[Provided entries]

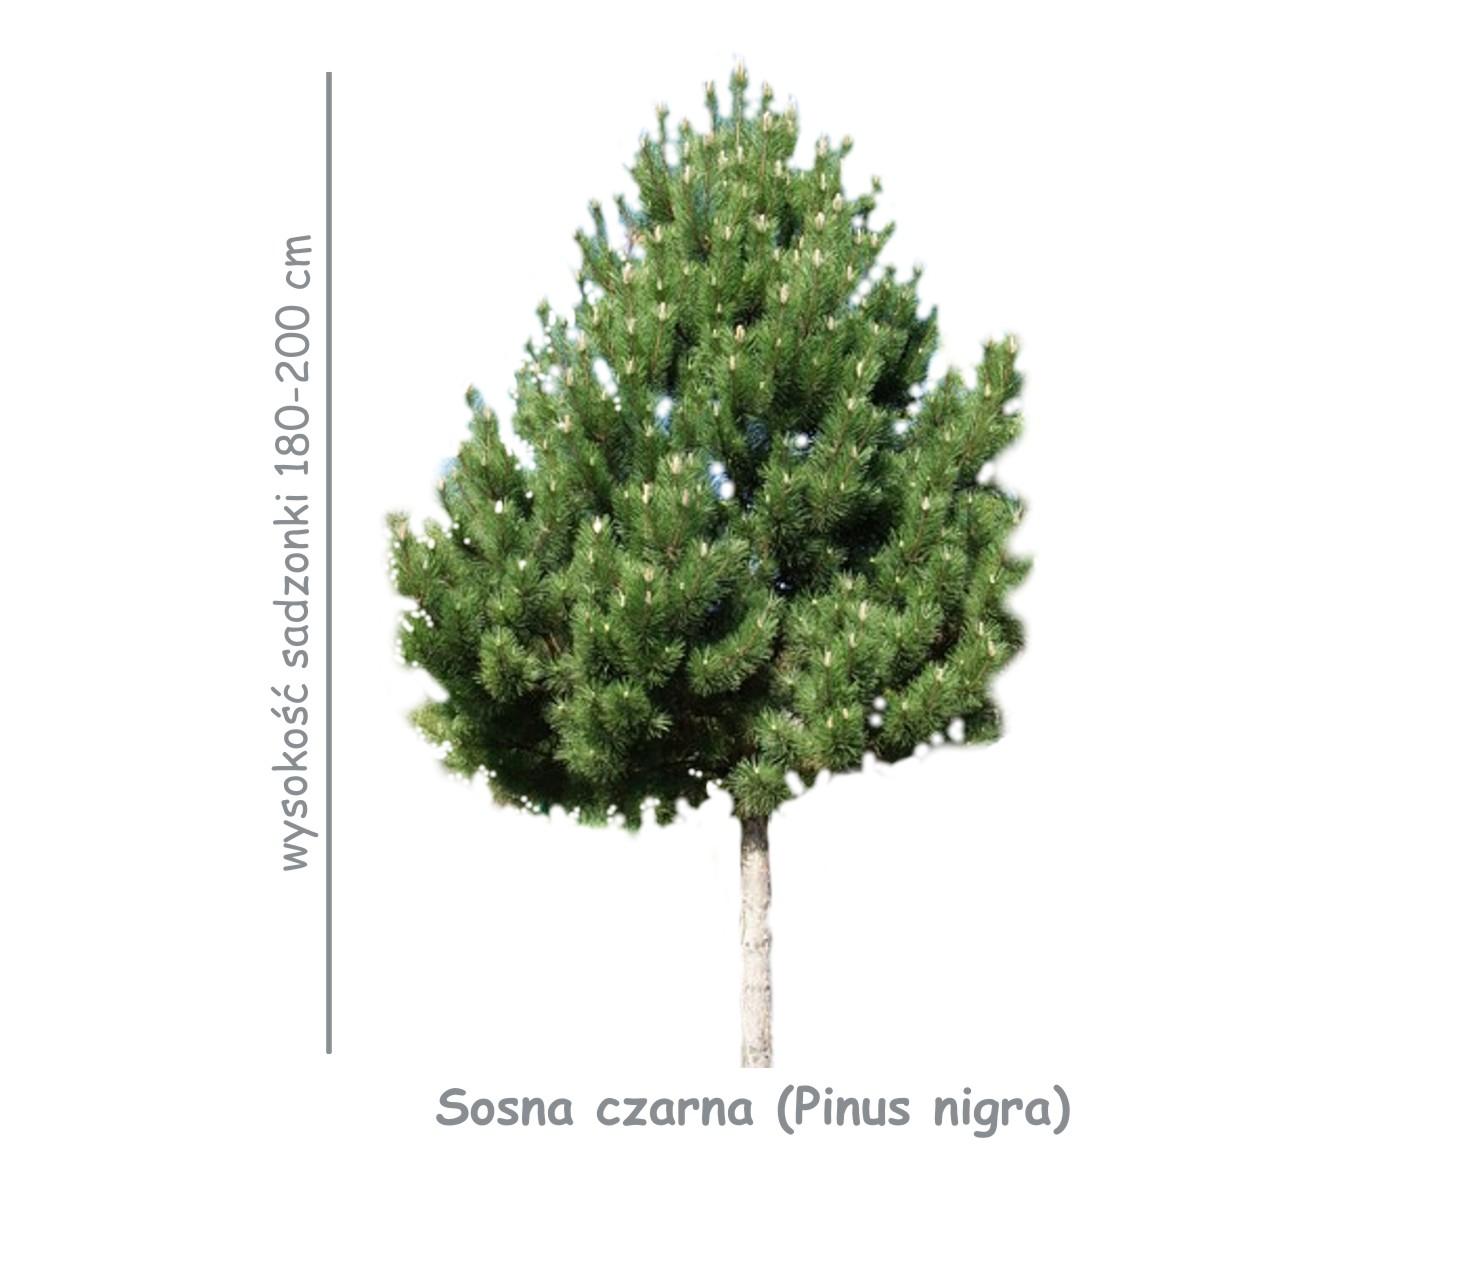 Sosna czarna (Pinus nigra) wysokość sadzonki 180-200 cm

--

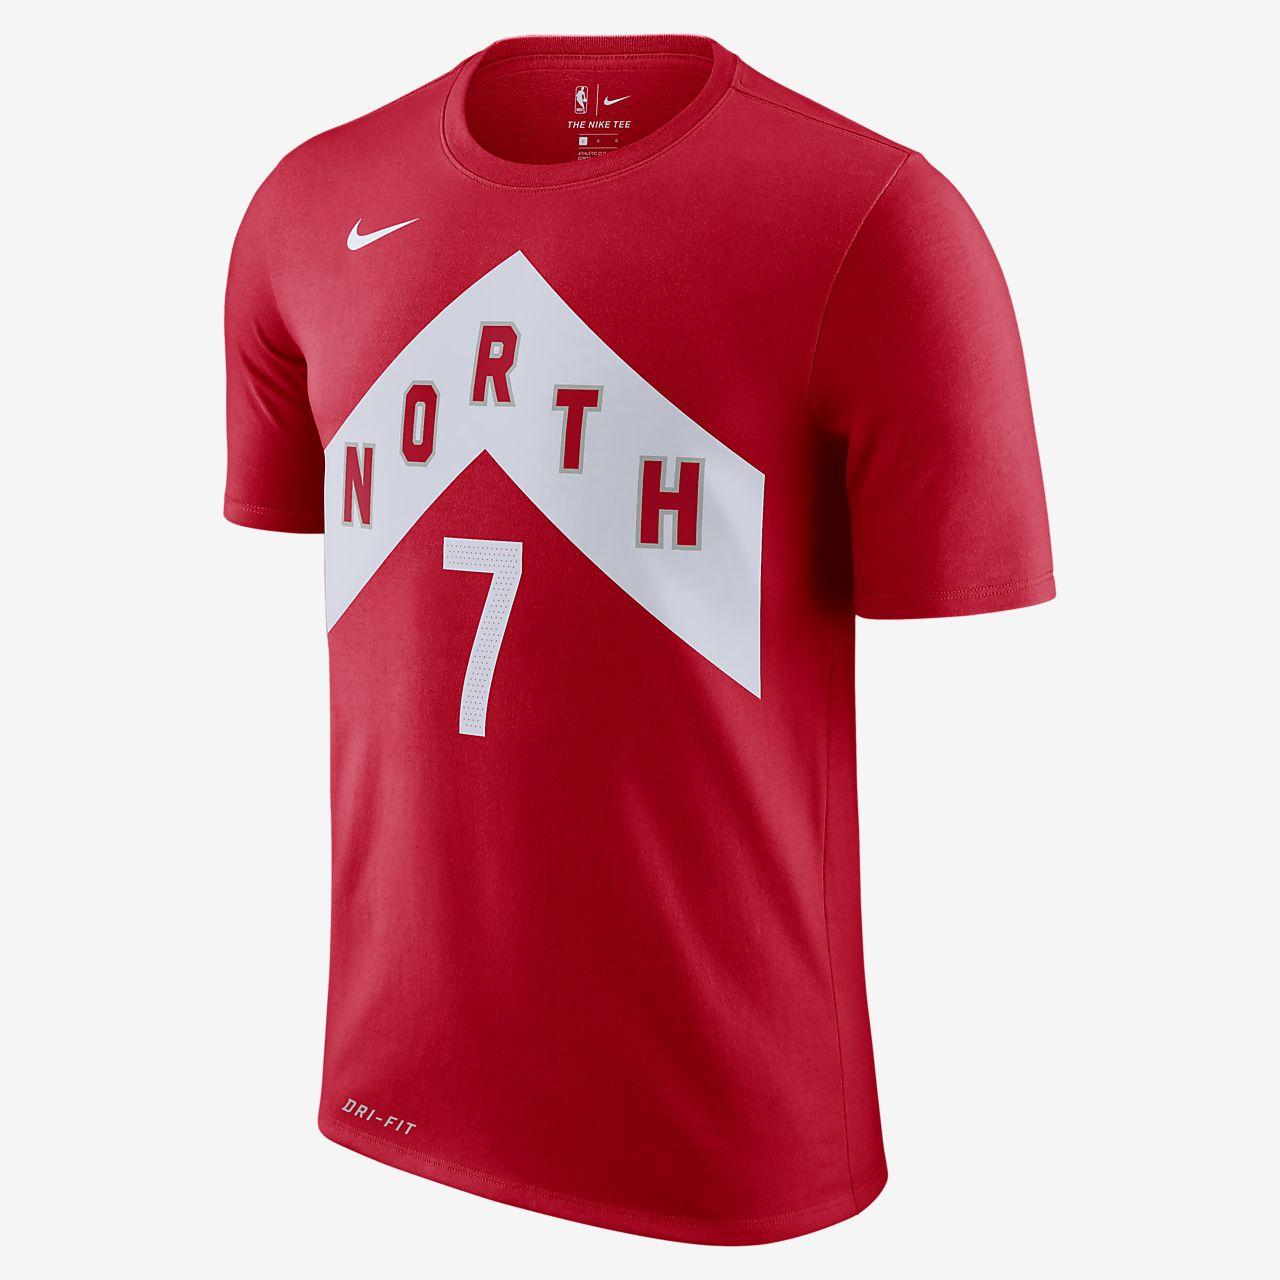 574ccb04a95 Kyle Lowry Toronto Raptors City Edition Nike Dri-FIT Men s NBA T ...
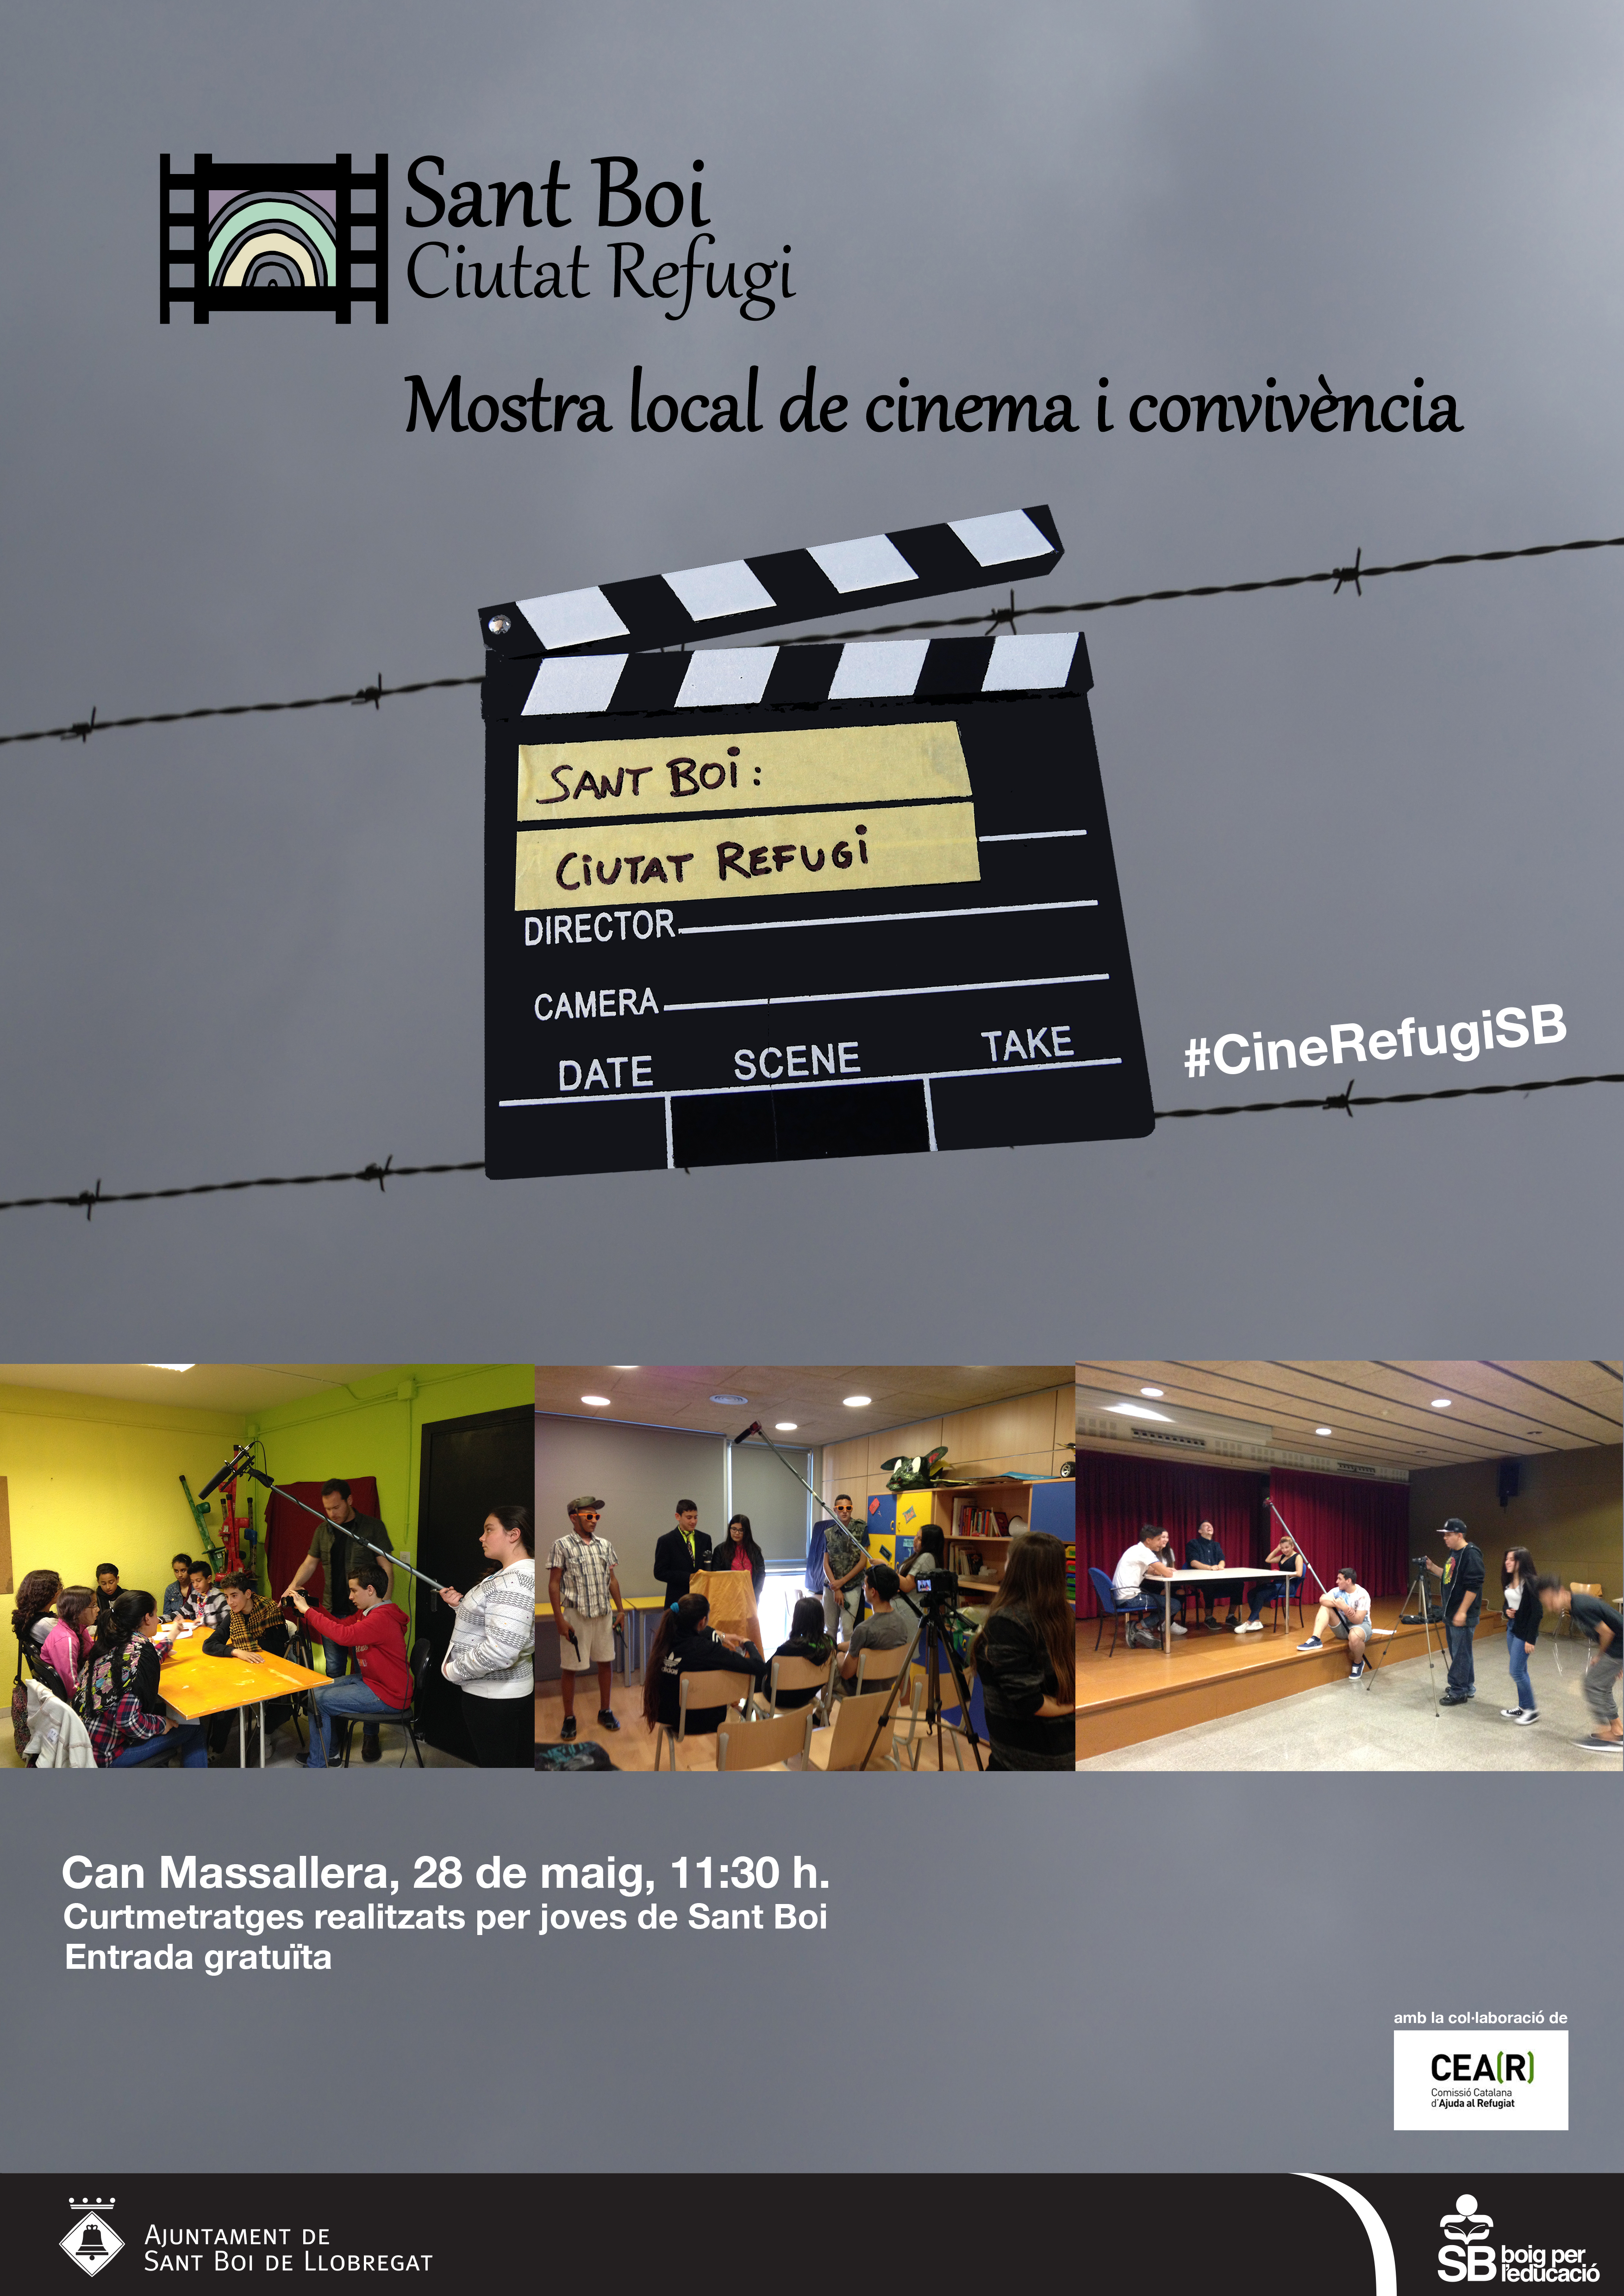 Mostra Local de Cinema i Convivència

...

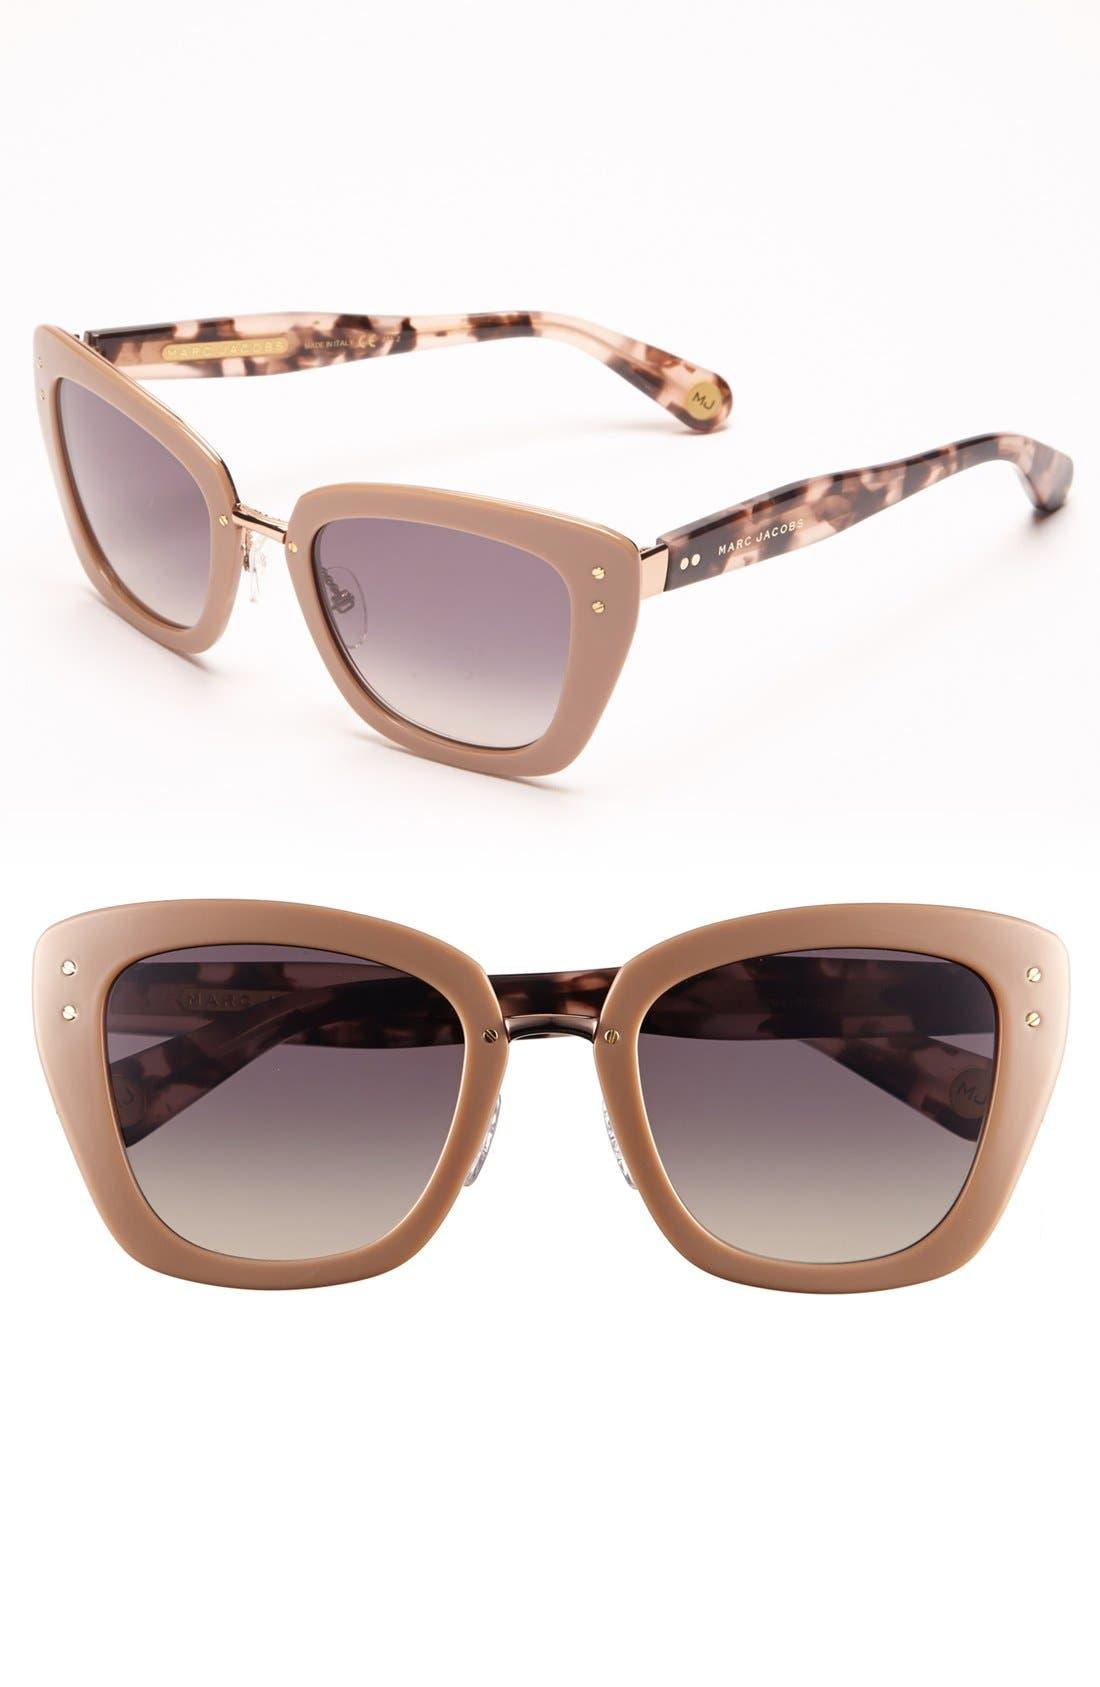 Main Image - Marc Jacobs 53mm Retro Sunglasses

[Assignment] Print, word for word, the lines above that run from the line containing "574ccb04a95 Kyle Lowry" to the line containing "Mostra Local de Cinema i Convivència", both included. Keep the pictures out.

[Solution]
 574ccb04a95 Kyle Lowry Toronto Raptors City Edition Nike Dri-FIT Men s NBA T ...
 Mostra Local de Cinema i Convivència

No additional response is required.